Mississippi has the lowest reimbursement rate from commercial insurance companies for inpatient services in the nation, according to a 2021 white paper by the actuarial and consulting firm Milliman. The outpatient reimbursement rates are also low compared to the rest of the country.
Blue Cross balked at the hospital’s proposal, and tens of thousands of Mississippians were left to face higher out-of-pocket medical expenses or find care elsewhere. UMMC has the state’s only organ transplant center in addition to the only children’s hospital, Level I trauma center, Level IV neonatal intensive care unit and other advanced specialties.

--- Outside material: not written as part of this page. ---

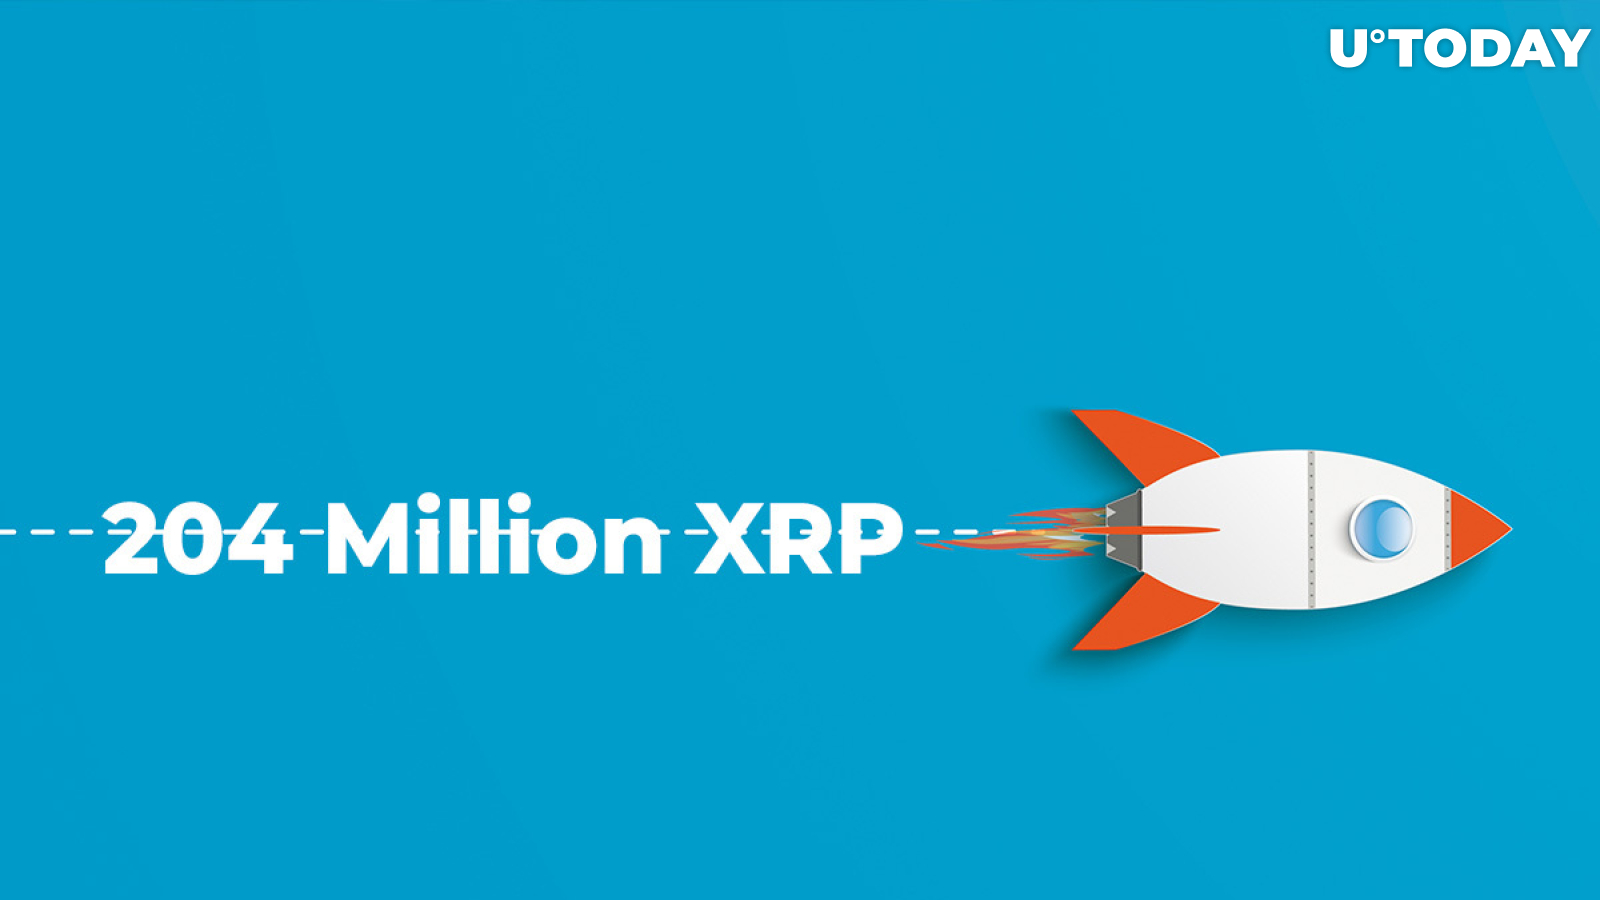 Ripple shifts 204 Million XRP Along with Rippleworks and Binance

Adults and children with Blue Cross insurance represent about 10% of the transplants done each year, according to UMMC officials. They are not considered under the “continuity of care” obligation, which requires the hospital to honor in-network insurance rates for certain patients until June 30. UMMC officials say this is because a transplant recipient’s care extends far beyond 90 days and requires a lifelong prescription of expensive immunosuppressant drugs.
“We’re still looking at the legal issues and the authority we have to try and bring a settlement about between the parties,” said Mike Chaney, the state commissioner of insurance, when asked about the dispute’s impact on organ transplant candidates.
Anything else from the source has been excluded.